My (less-than-helpful) answer:
What’s the outcome of interest Y? What’s the treatment variable/variable of interest D? What controls X are included? All of those work as a kind of ecosystem–without knowing what are the component parts of it, I can’t come up with a good idea for an instrument Z.
It’s the regression-as-ecosystem comment that I wanted to discuss today. Indeed, if you are interested in causal effects–and who isn’t, these days?–you have to see any regression of interest as an ecosystem where things live or die as a function of other things in the system.
This is especially the case if you don’t have an experiment or a quasi experiment, and you have to rely on an instrumental variable (IV) that is nonrandom. In the “cookbook econometrics” class I teach every other year to our doctoral students, I tell students that an IV lives and dies by the controls it is surrounded with, a point that is obvious once you start thinking about it, but which is made all too rarely. Indeed, here is something that I bet is taking place almost daily throughout the world in economics seminars:
- The presenter is interested in the causal relationship flowing from some treatment D to some outcome Y.
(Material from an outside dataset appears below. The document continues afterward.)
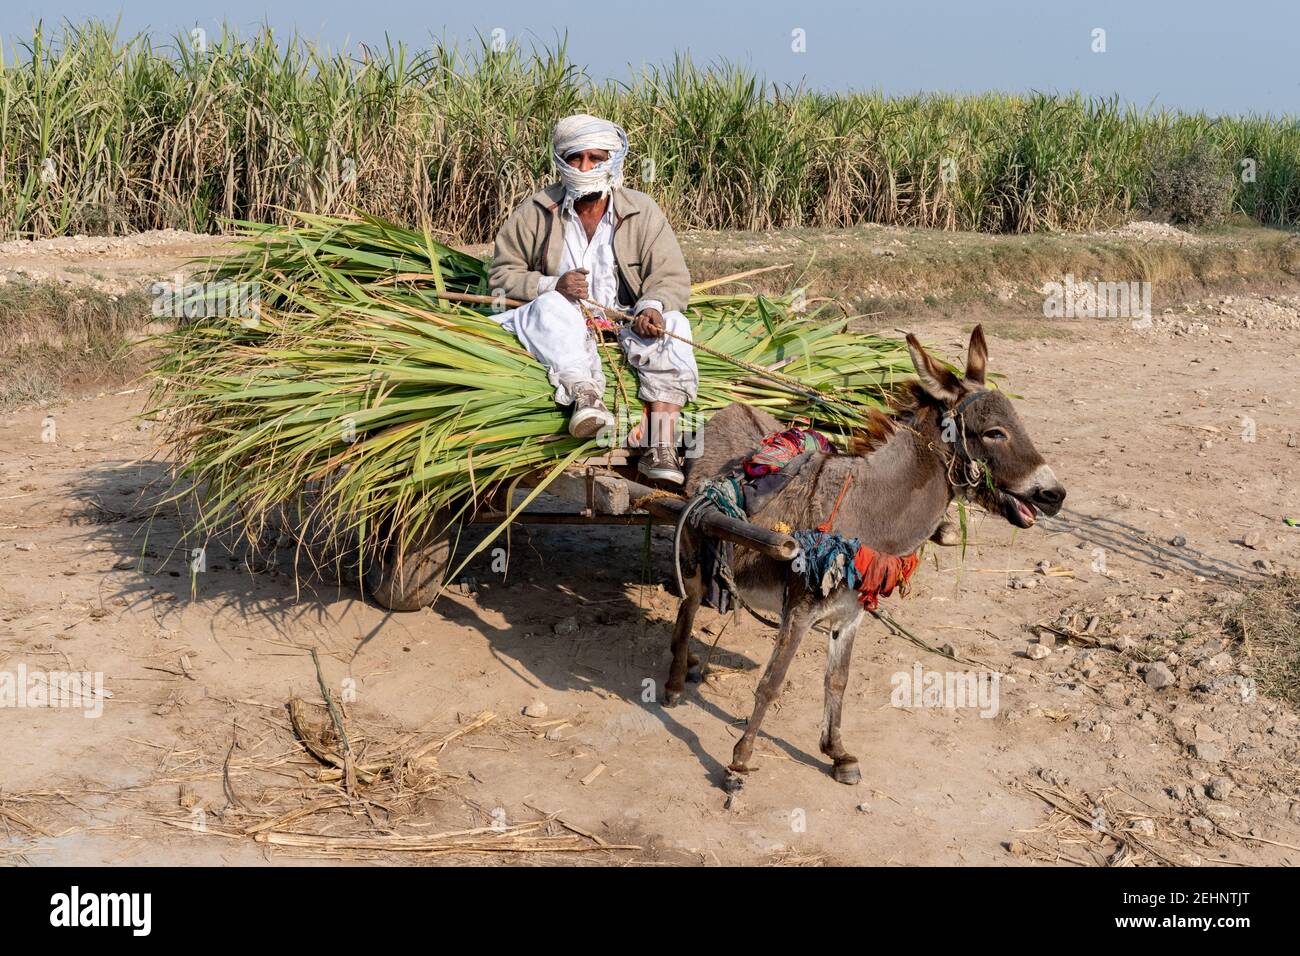 Man with his mule, rural Punjab, Pakistan Stock Photo

- The presenter recognizes that Y and D are jointly determined, and is thus using an instrument Z to get at it.
- A clever member of the audience says: “Yes, but have you considered [channel through which Z violates the exclusion restriction]?”
- The presenter says: “You’re right–in principle. Because I have [specific variable] in my set of controls X, the exclusion restriction is still met.”
- Clever member of the audience: “Ok, okay.”
Here is a real-life example: In my food prices and food riots paper, in which I was interested in the causal effect of food prices on the extent of social unrest worldwide, I used natural disasters worldwide as an IV for food prices. A few times in seminars, I was asked: “Yes, but you don’t control for the income of food consumers, and that’s an omitted variable.” Notwithstanding the fact that natural disasters are also orthogonal to income (and that it is not clear that you want to include an obviously endogenous control such as income in the regression I was estimating), my response was: “Yes, but I am regressing on the real–not nominal–price of food, which controls for the overall price level and thus, presumably, for wages, which themselves determine most people’s income levels.”
At any rate, I’m not sure I have much more of a point than “All the pieces matter,” to quote fictional detective Lester Freamon, and that when thinking about causality, you have to consider Y = f(D(Z,X), X) + e as a whole, and not just D(Z) or even Y = D(Z).
If anything, that is where the use of directed acyclic graphs (DAGs) comes in handy, and why I advocate that our students (i) read (some of) Judea Pearl’s Causality, and (ii) use DAGs when they start thinking about an empirical problem.